Currently, I am working on an ASE based implementation of the geodesic interpolation method using this repository as a template (mostly with the aim of interpolating reaction pathways with periodic boundary conditions and constraints). I only plan on implementing the initialization and sweeping algorithms for the moment. However, I am a bit stumped by the functions used to calculate the displacement gradient:


    def compute_disp_grad(self, start, end, friction=1e-3):
        """Compute derivatives of the displacement vectors with respect to the Cartesian coordinates"""
        # Calculate derivatives of displacement vectors with respect to image Cartesians
        l = end - start + 1
        self.grad = np.zeros((l * 2 * self.nrij + 3 * (end - start) * self.natoms, (end - start) * 3 * self.natoms))
        self.grad0 = self.grad[:l * 2 * self.nrij]
        grad_shape = (l, self.nrij, end - start, 3 * self.natoms)
        grad_l = self.grad[:l * self.nrij].reshape(grad_shape)
        grad_r = self.grad[l * self.nrij:l * self.nrij * 2].reshape(grad_shape)
        for i, image in enumerate(range(start, end)):
            dmid1 = self.dwdR_mid[image - 1] / 2
            dmid2 = self.dwdR_mid[image] / 2
            grad_l[i + 1, :, i, :] = dmid2 - self.dwdR[image]
            grad_l[i, :, i, :] = dmid1
            grad_r[i + 1, :, i, :] = -dmid2
            grad_r[i, :, i, :] = self.dwdR[image] - dmid1
        for idx in range((end - start) * 3 * self.natoms):
            self.grad[l * self.nrij * 2 + idx, idx] = friction

It's is not entirely clear to me how self.grad takes on the value of grad_l or grad_r - to my understanding, taking the slice of the array creates a new memory reference, so the gradient would be 0 along the cartesian co-ordinates and only the friction component would be added? I am sure the code works given that paths are interpolated correctly for the example cases I have ran.

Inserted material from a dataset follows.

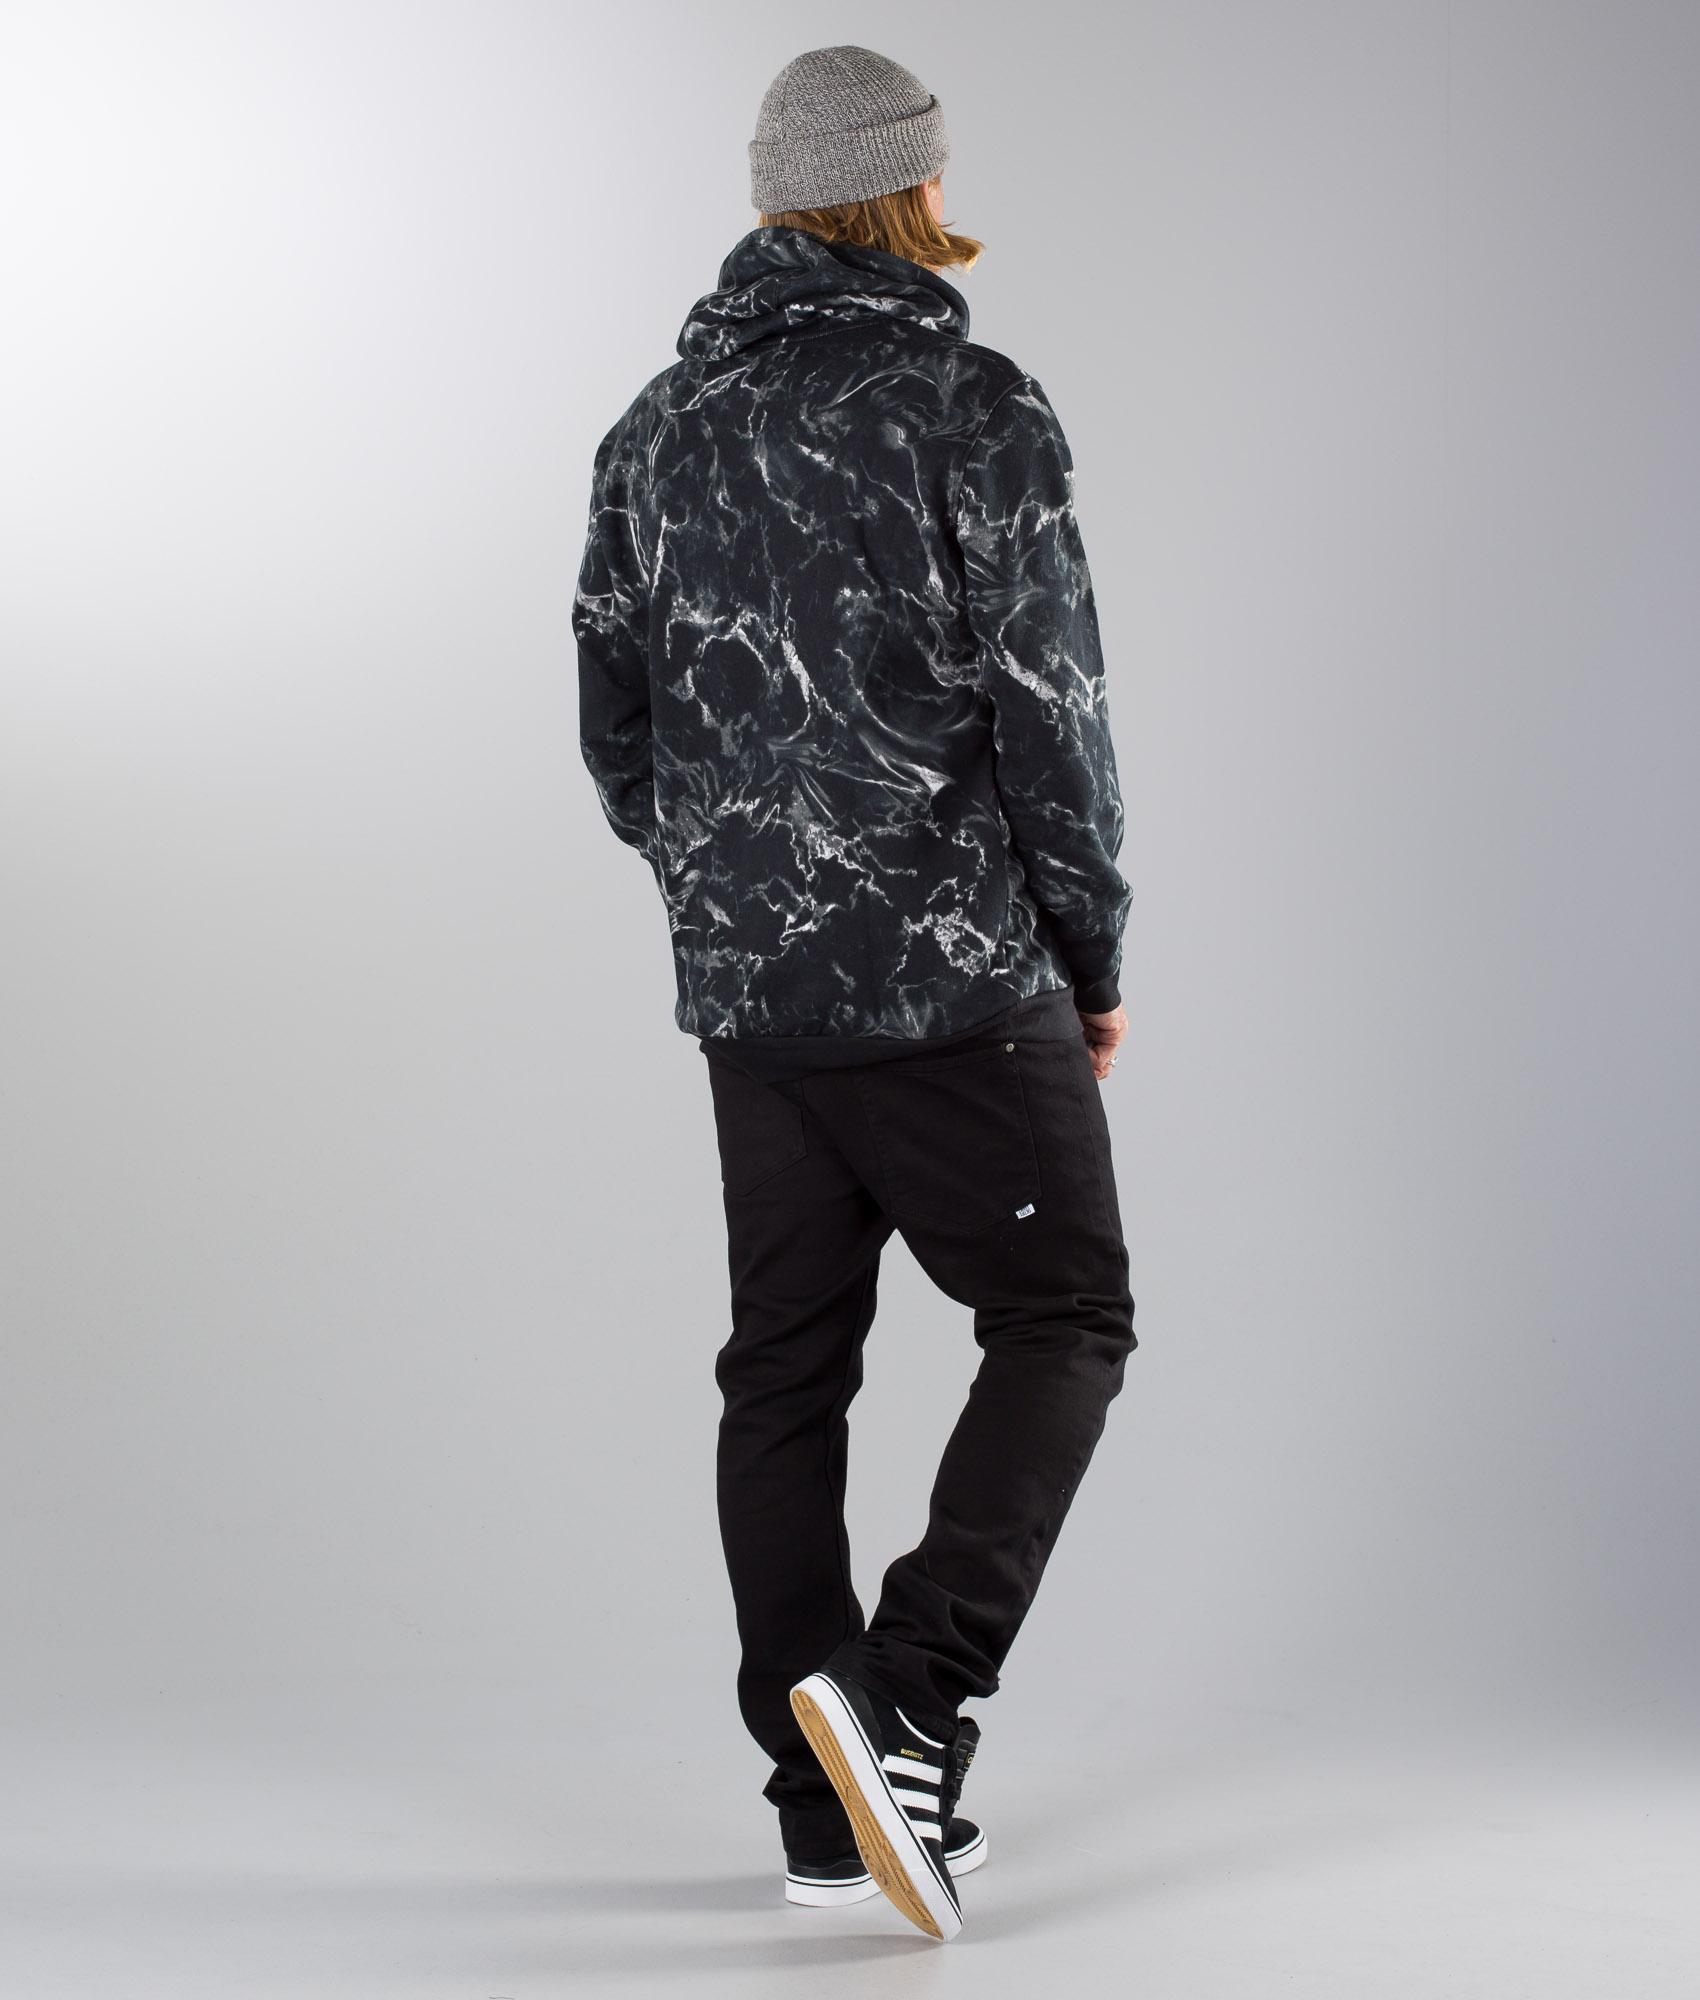 Adidas Skateboarding Marble Aop Hoodie BlackWhite

GabrielBram commented 3 months ago

Nevermind, figured it out! After printing the output, self.grad was indeed pointing to the same memory address as grad_l and grad_r.

If others happen to be interested in the solution used for a sweeping algorithm only:

        grad = np.zeros((4 * len(self.bond_list) + 3 * (im_idx2 - im_idx1) * len(self.images[im_idx1]), 3 * len(self.images[im_idx1])))

        mid1 = self.mid_dwij_list[im_idx1 - 1] / 2
        mid2 = self.mid_dwij_list[im_idx1] / 2
        grad[(1 * len(self.bond_list)):(2 * len(self.bond_list)), :] = mid2 - self.dwij_list[im_idx1]
        grad[:(1 * len(self.bond_list)), :] = mid1
        grad[(3 * len(self.bond_list)):(4 * len(self.bond_list)), :] = -mid2
        grad[(2 * len(self.bond_list)):(3 * len(self.bond_list)), :] = self.dwij_list[im_idx1] - mid1

Thank you for the repository! It was invaluable for replication.